La trajectoire de l'économie américaine face à l'augmentation des droits de douane

Les politiques tarifaires peuvent entraîner une stagflation aux États-Unis et une contraction dans d'autres pays, et compliquer les décisions monétaires de la Réserve fédérale.

Le 2 avril, l’administration Trump a annoncé une série de droits de douane d’envergure, plus agressifs que ce que beaucoup avaient anticipé. Puis, le 9 avril, l'administration a annoncé une pause de 90 jours sur la majorité des nouveaux “droits de douane réciproques” spécifiques à certains pays. Cependant, la logique de représailles mutuelles a entraîné une nouvelle escalade des droits de douane sur les importations américaines en provenance de Chine, et réciproquement.

Le président Donald Trump a régulièrement souligné le déficit commercial comme étant le reflet de pratiques commerciales injustes menées par d'autres pays au détriment des États-Unis.

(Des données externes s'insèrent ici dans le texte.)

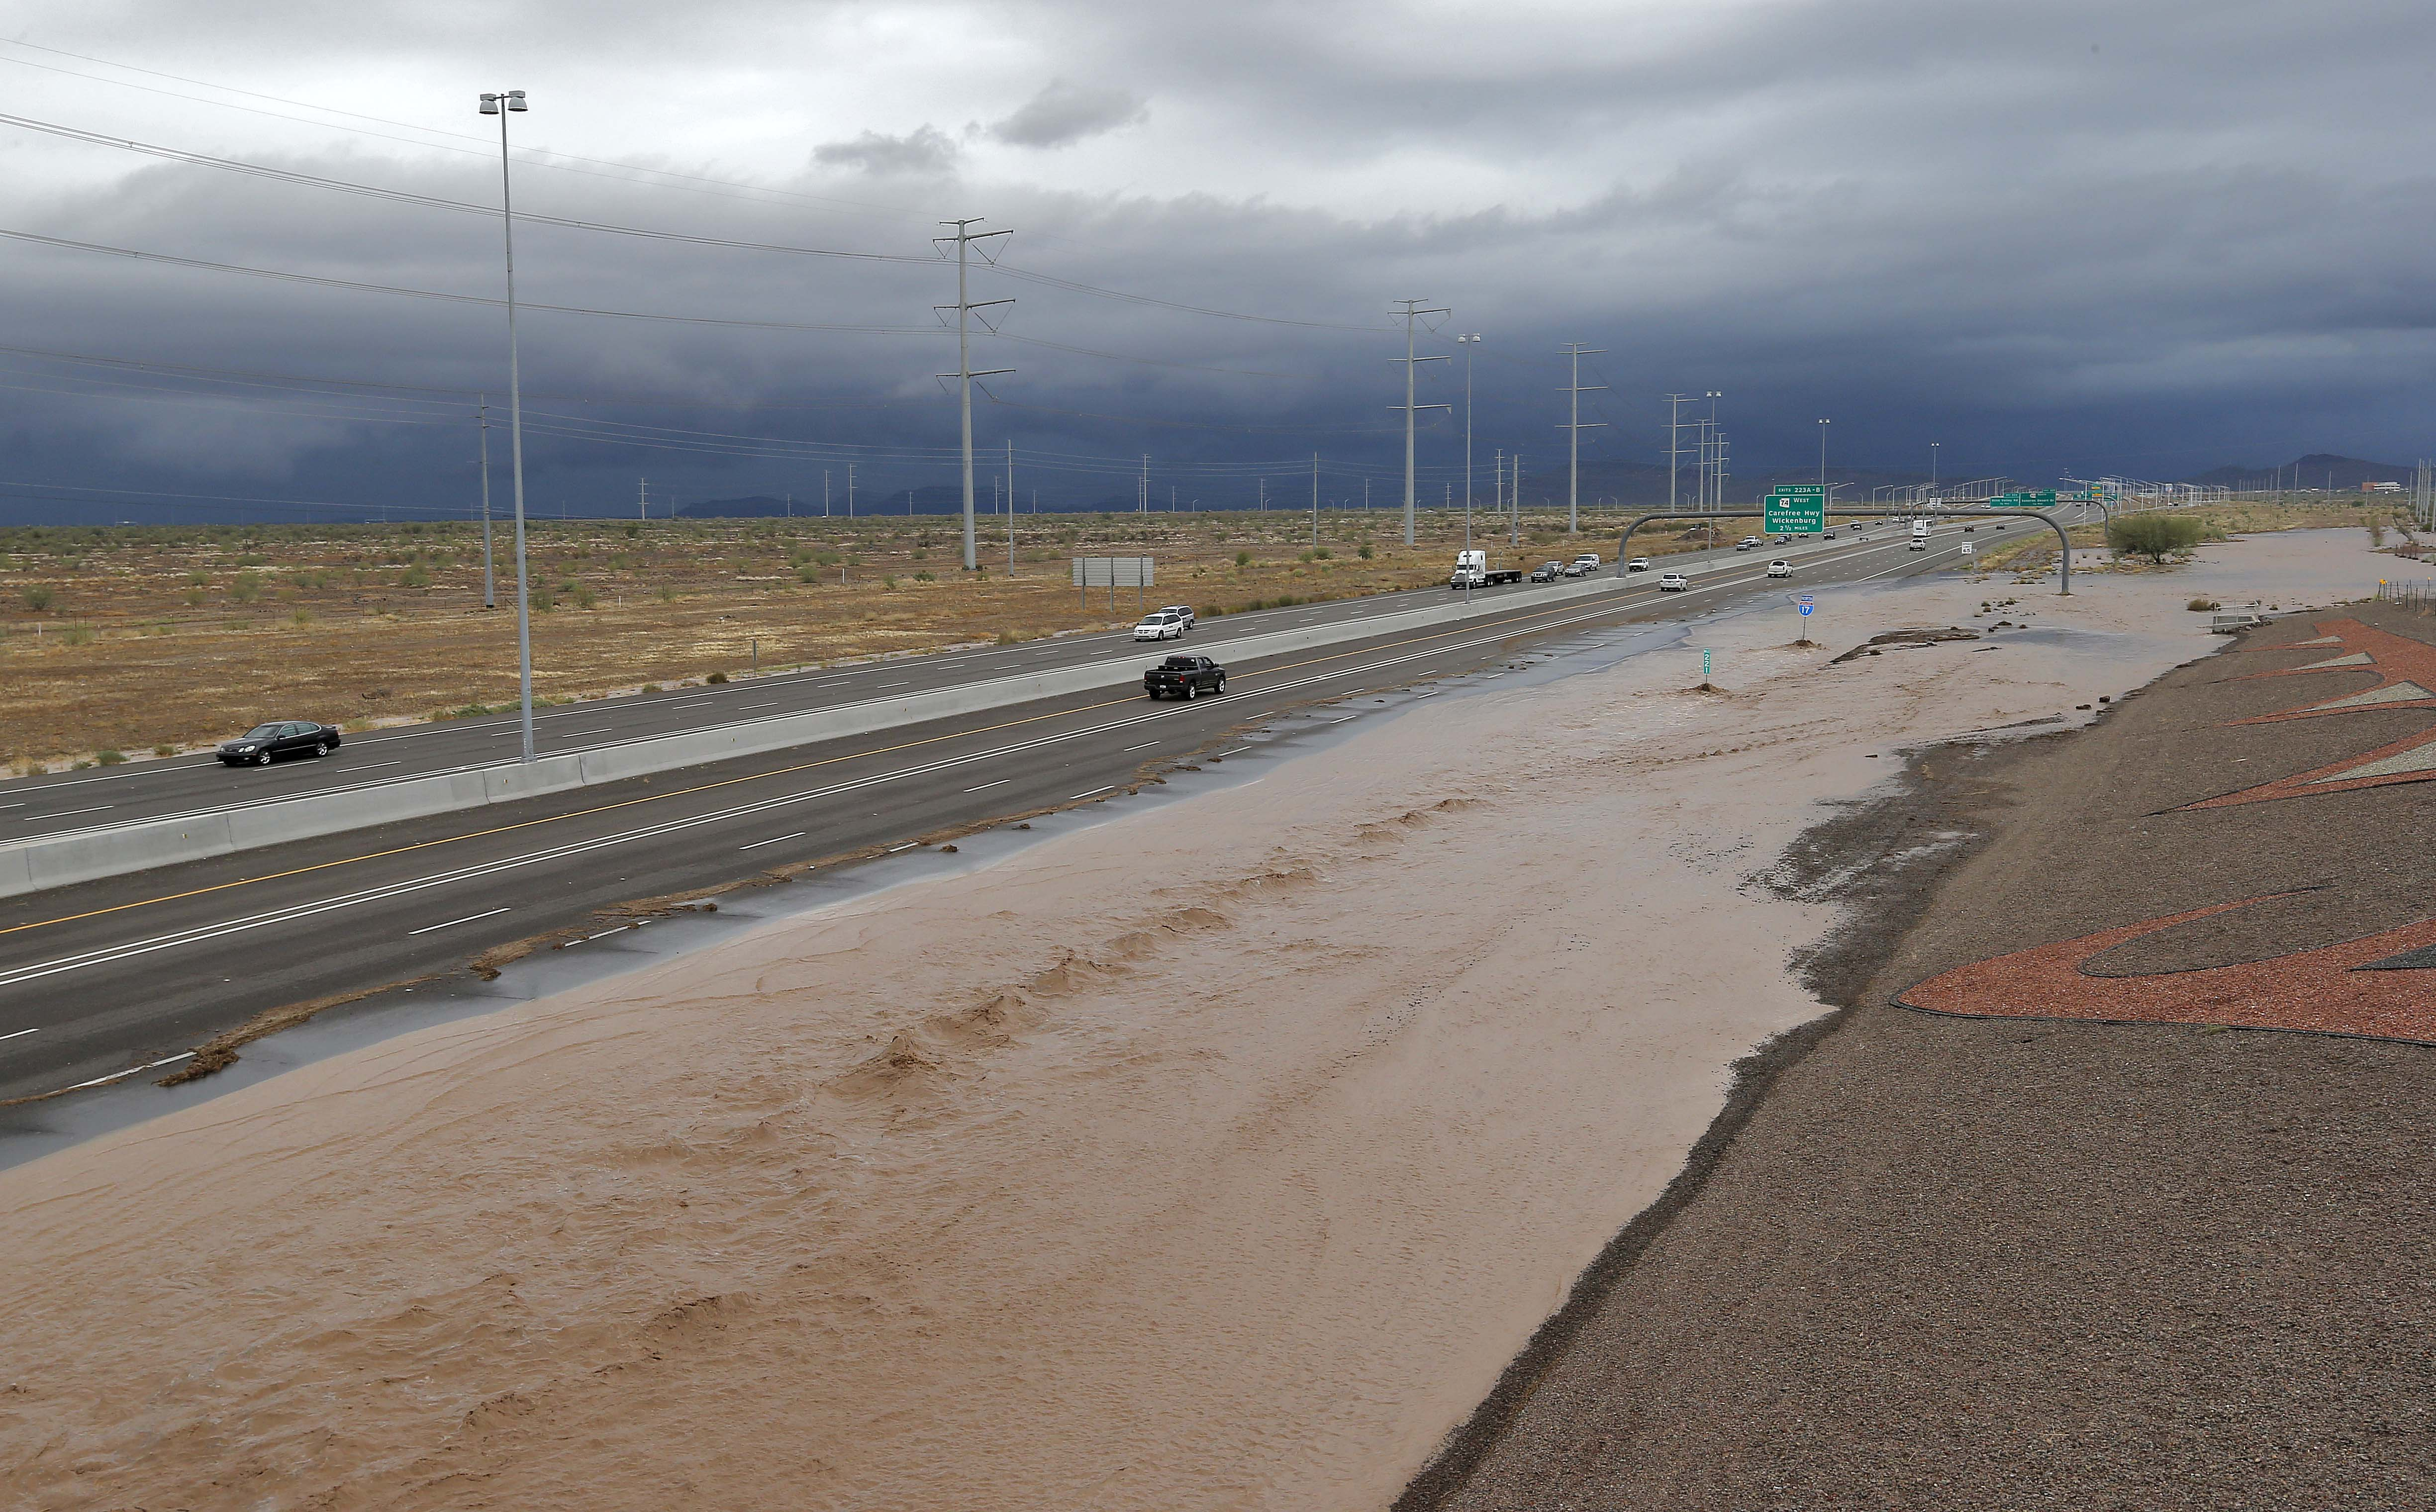 Floodwaters that overran Skunk Creek flood I-10, Aug. 19, 2014, in northwestern Phoenix.

De nombreux investisseurs, entreprises et dirigeants mondiaux ont été surpris par la volonté apparente de l’administration de tolérer les perturbations économiques à court terme et la volatilité des marchés, dans l’espoir de provoquer des changements durables dans les dynamiques du commerce mondial. Cette trêve de 90 jours ouvre une fenêtre pour la désescalade et les négociations, mais l’orientation générale demeure évidente : une hausse durable des droits de douane semble inévitable.

Si le plan tarifaire est mis en œuvre tel qu’annoncé initialement, ses effets à court terme seront vraisemblablement stagflationnistes sur le plan intérieur et récessifs à l’échelle mondiale. Pourtant, la Réserve fédérale pourrait se heurter à des difficultés pour abaisser vigoureusement les taux d’intérêt, en raison d’un ajustement haussier des prix intérieurs jugé préoccupant. Ces politiques devraient avoir un effet déflationniste sur le reste du monde, réduisant ainsi les contraintes pesant sur les banques centrales hors des États-Unis pour abaisser leurs taux d'intérêt.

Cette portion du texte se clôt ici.